Alveolar and Bone Marrow-derived Macrophages Differ in Metabolism and Glutamine Utilization.

Changes in metabolic activity are key regulators of macrophage activity. Proinflammatory macrophages upregulate glycolysis, which promotes an inflammatory phenotype, whereas prorepair macrophages rely on oxidative metabolism and glutaminolysis to support their activity. Work to understand how metabolism regulates macrophage phenotype has been done primarily in macrophage cell lines and bone marrow-derived macrophages (BMDM). Our study sought to understand changes in metabolic activity of murine tissue-resident alveolar macrophages (AM) in response to LPS stimulation and to contrast them to BMDM. These studies also determined the contribution of glutamine metabolism using the glutamine inhibitor, 6-diazo-5-oxo-L-norleucine (DON). We found that compared with BMDM, AM have higher rates of oxygen consumption and contain a higher concentration of intracellular metabolites involved in fatty acid oxidation.

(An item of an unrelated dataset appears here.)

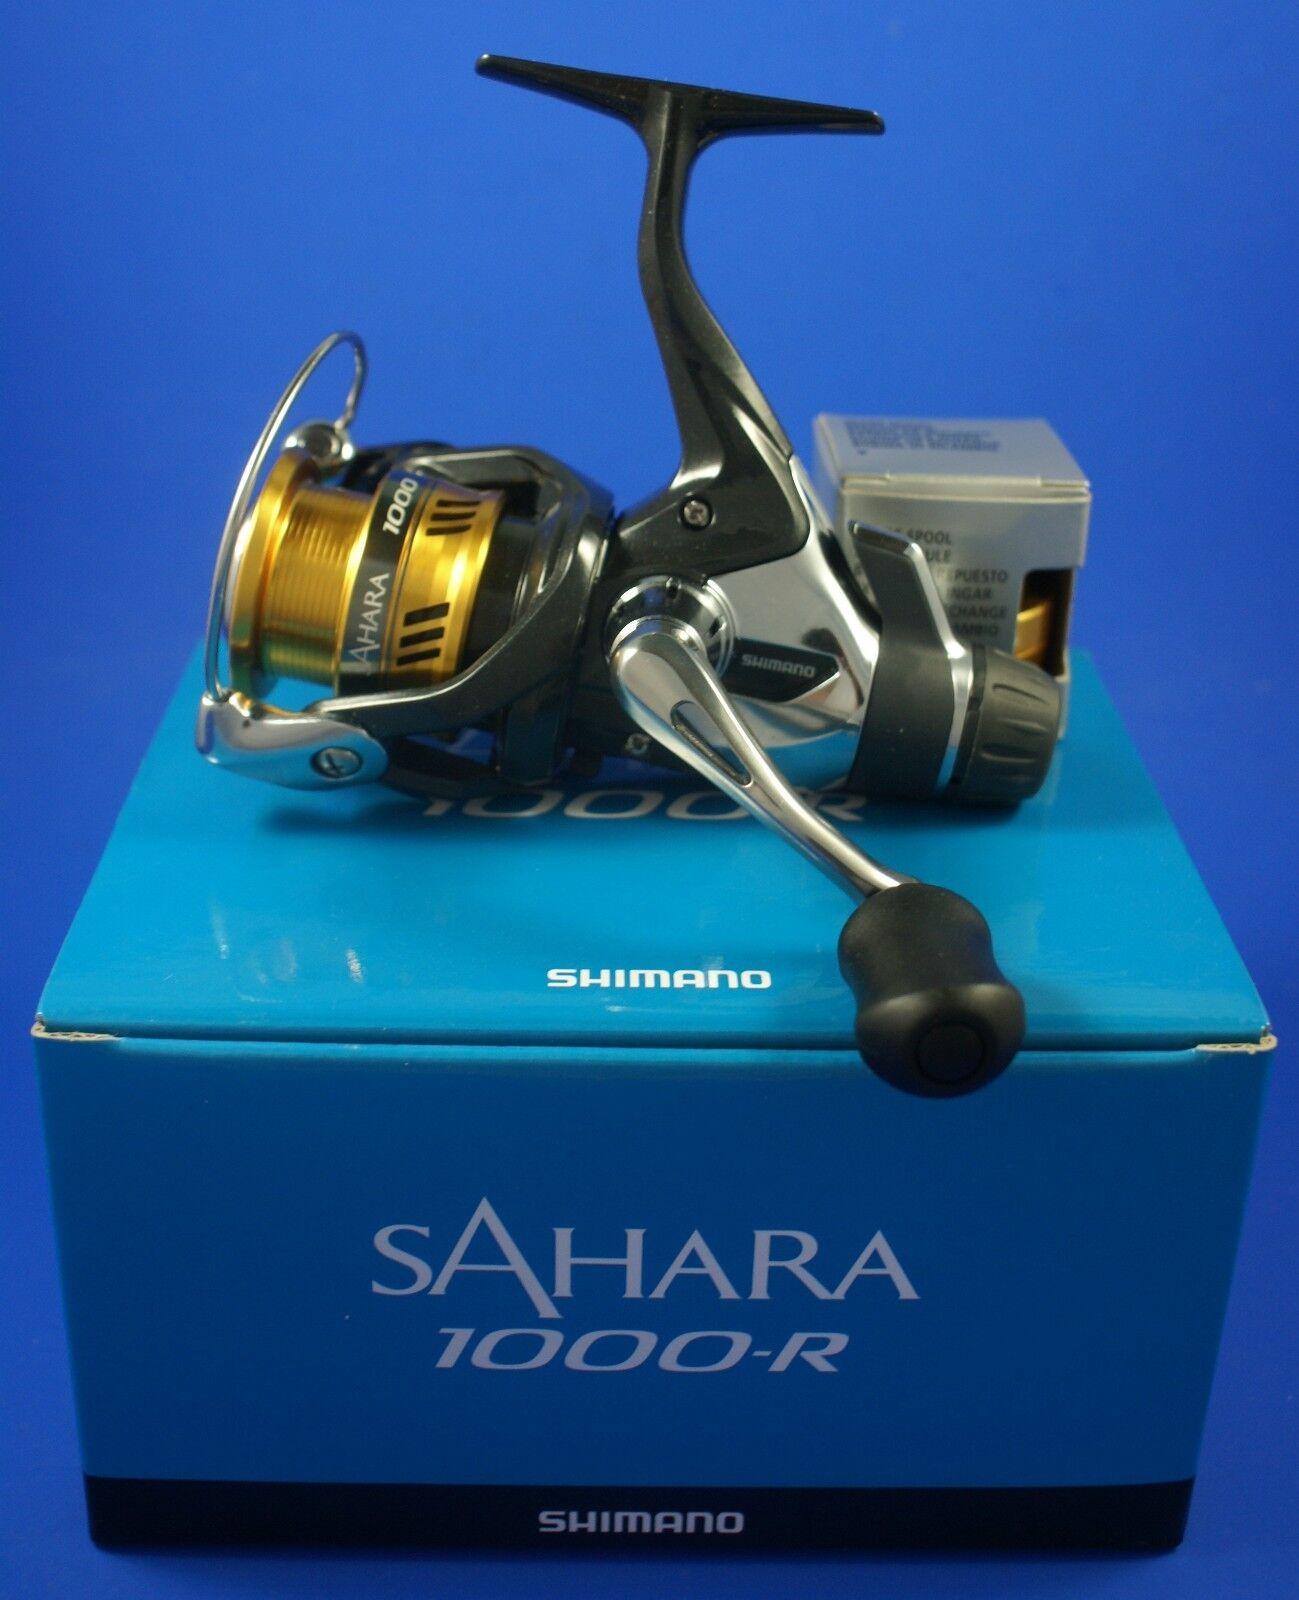 Shimano Sahara 1000 R    SH1000-R    Trasero Arrastre Reel De Pesca

In response to LPS, BMDM, but not AM, increased rates of glycolysis. Inhibition of glutamine metabolism using DON altered the metabolic activity of AM but not BMDM. Within AM, glutamine inhibition led to increases in intracellular metabolites involved in glycolysis, the tricarboxylic acid (TCA) cycle, fatty acid oxidation, and amino acid metabolism. Glutamine inhibition also altered the metabolic response to LPS within AM but not BMDM. Our data reveal striking differences in the metabolic activity of AM and BMDM.